GIVEN INFORMATION »
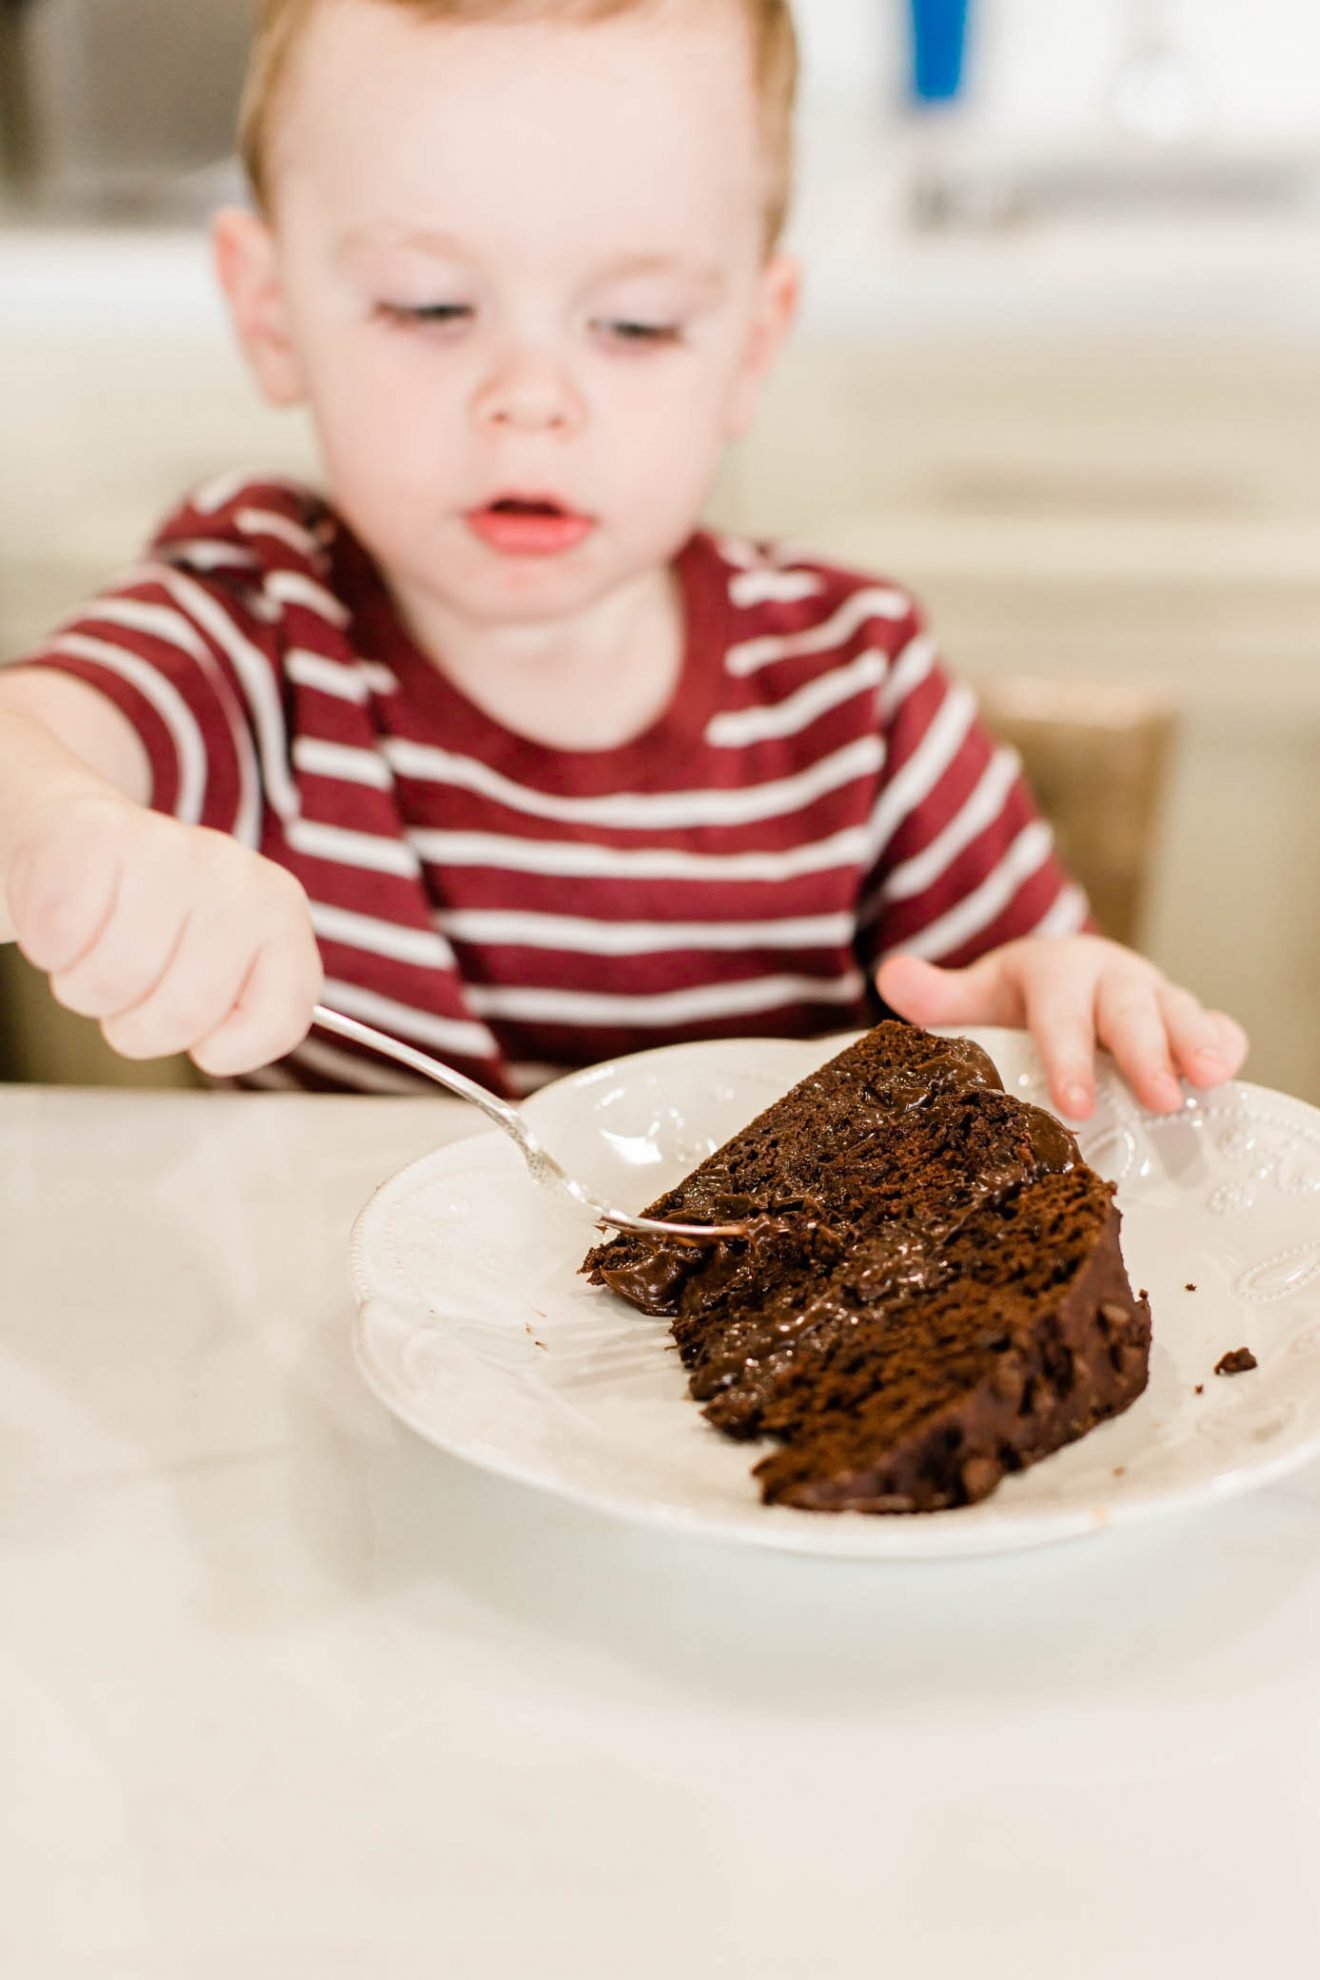 Toddler boy using a fork to take a piece of his chocolate cake.
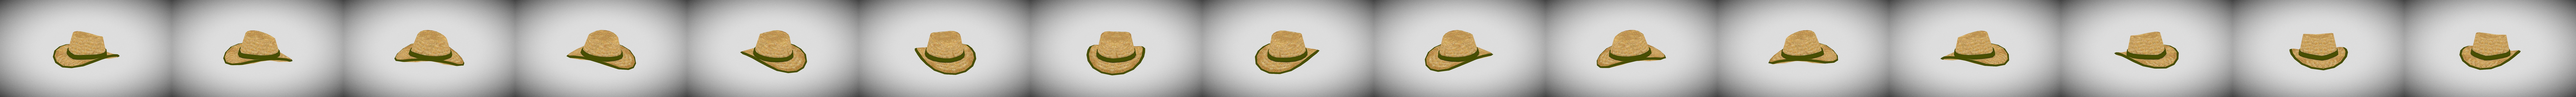 Straw Hat For Roblox Game Buy Royalty Free 3d Model By Catafest Catafest 14ccdf3 - roblox clothes that go good with the straw hat
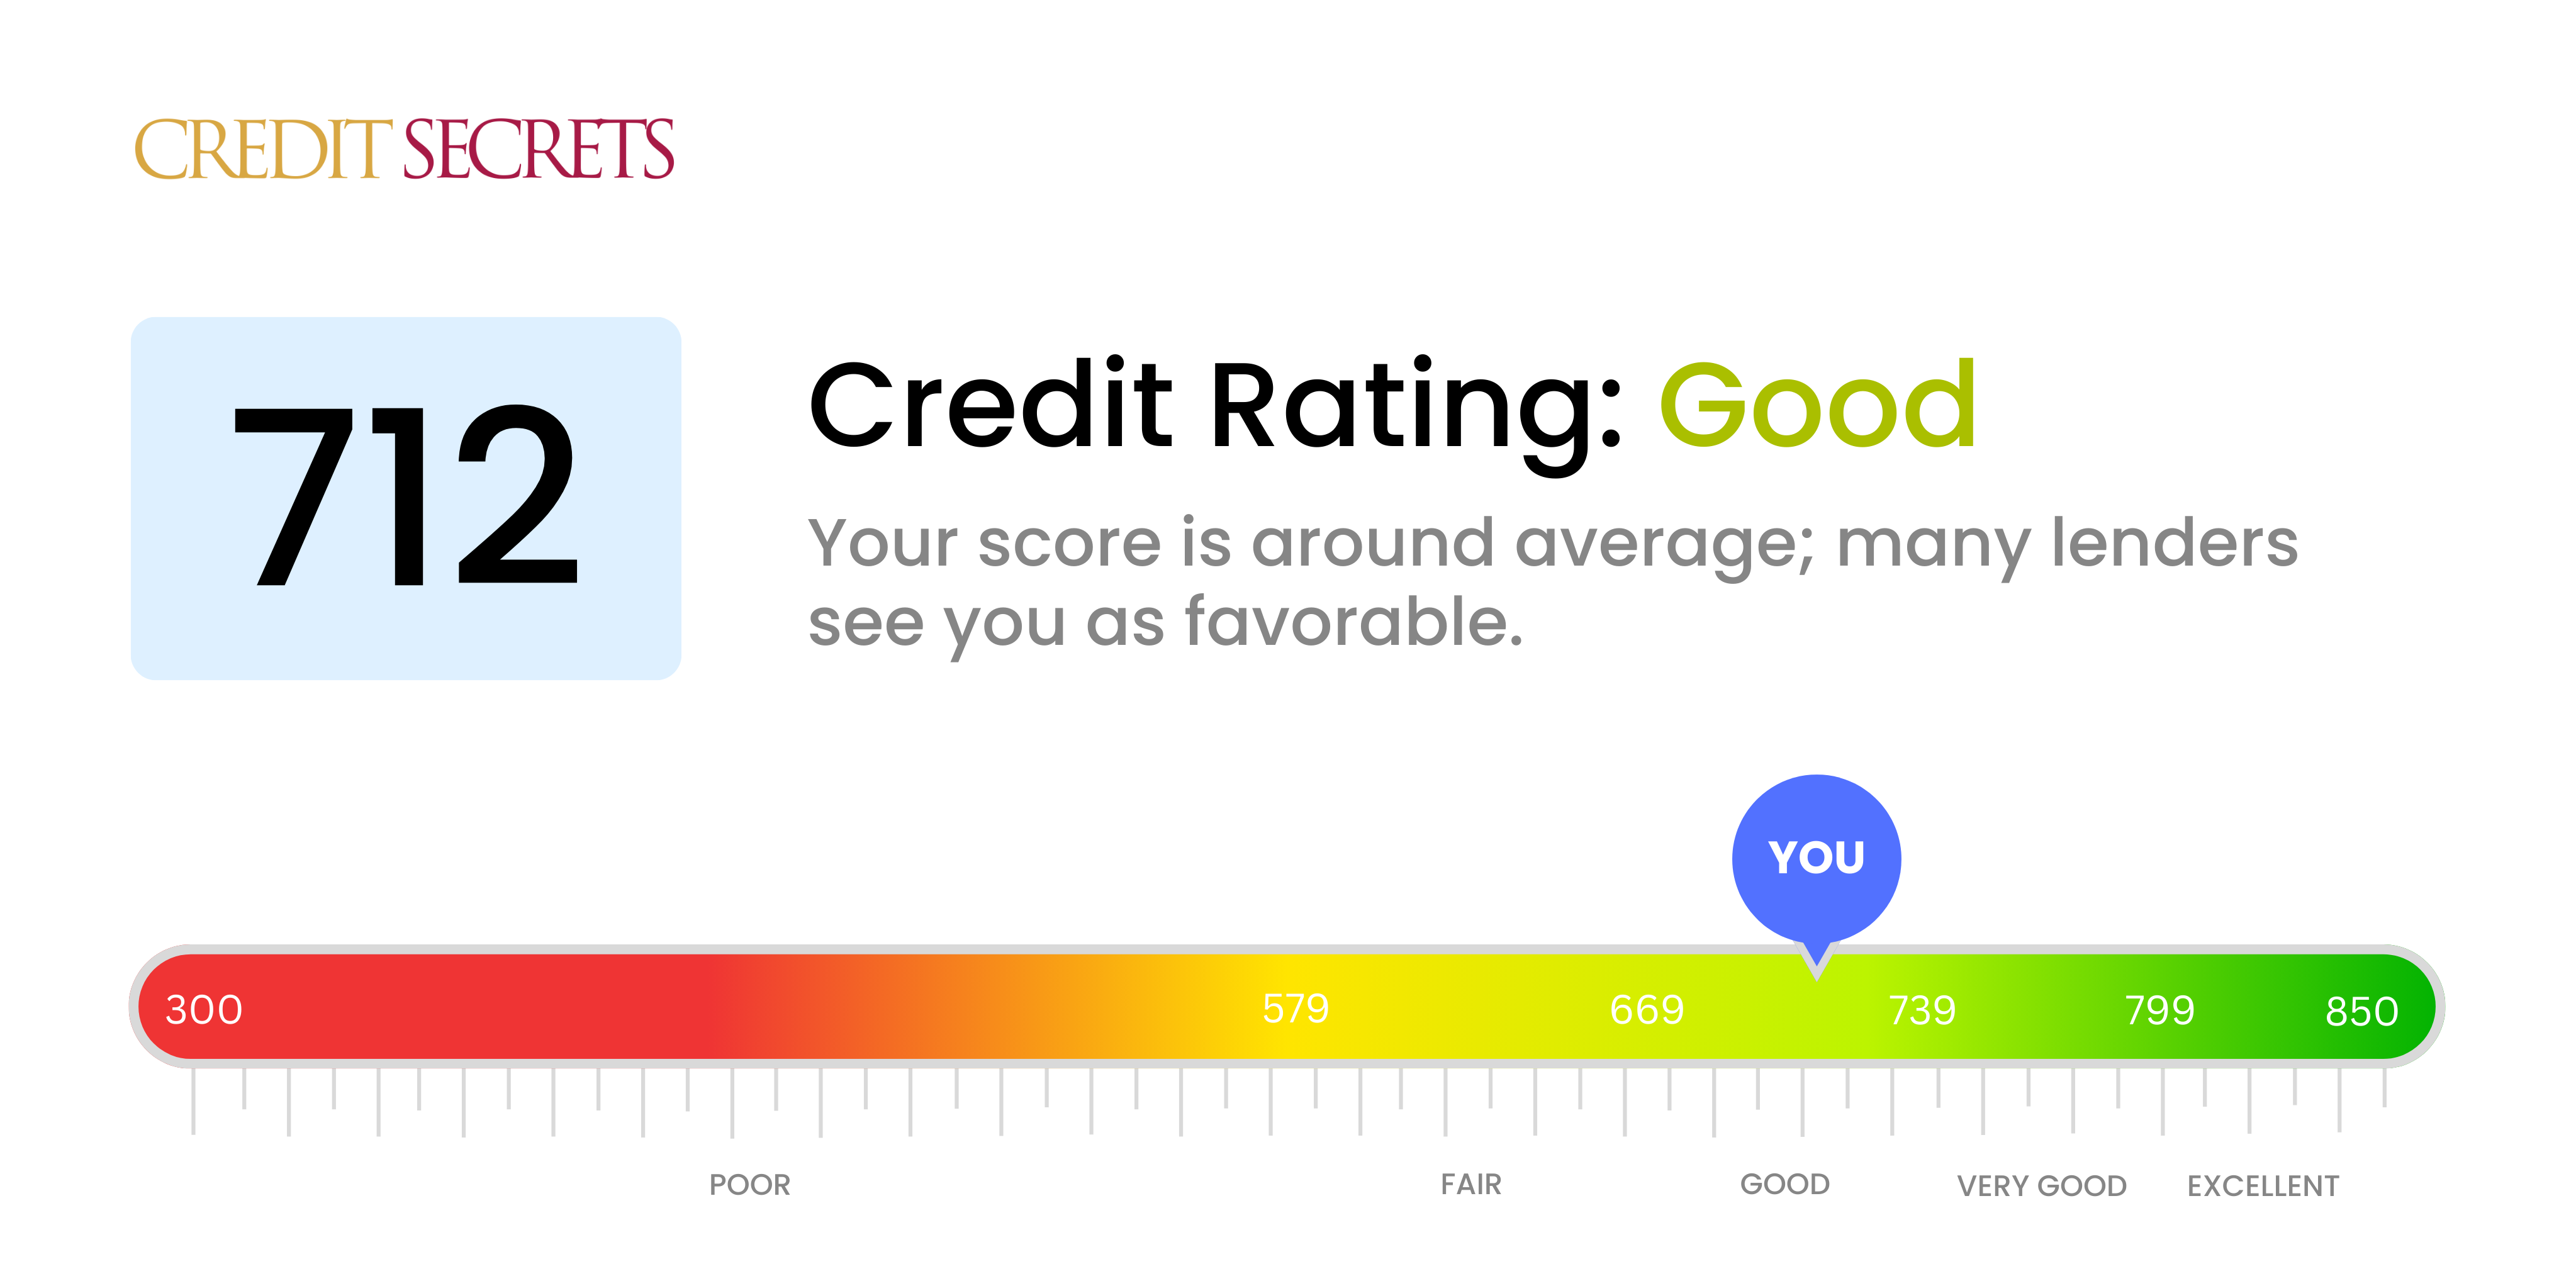 Is 712 a good credit score?

INSTRUCTIONS TO FOLLOW » Line by line, restate the data above exactly as it stands, minus the pictures.

WORKED SOLUTION »
 Toddler boy using a fork to take a piece of his chocolate cake.
 Straw Hat For Roblox Game Buy Royalty Free 3d Model By Catafest Catafest 14ccdf3 - roblox clothes that go good with the straw hat
 Is 712 a good credit score?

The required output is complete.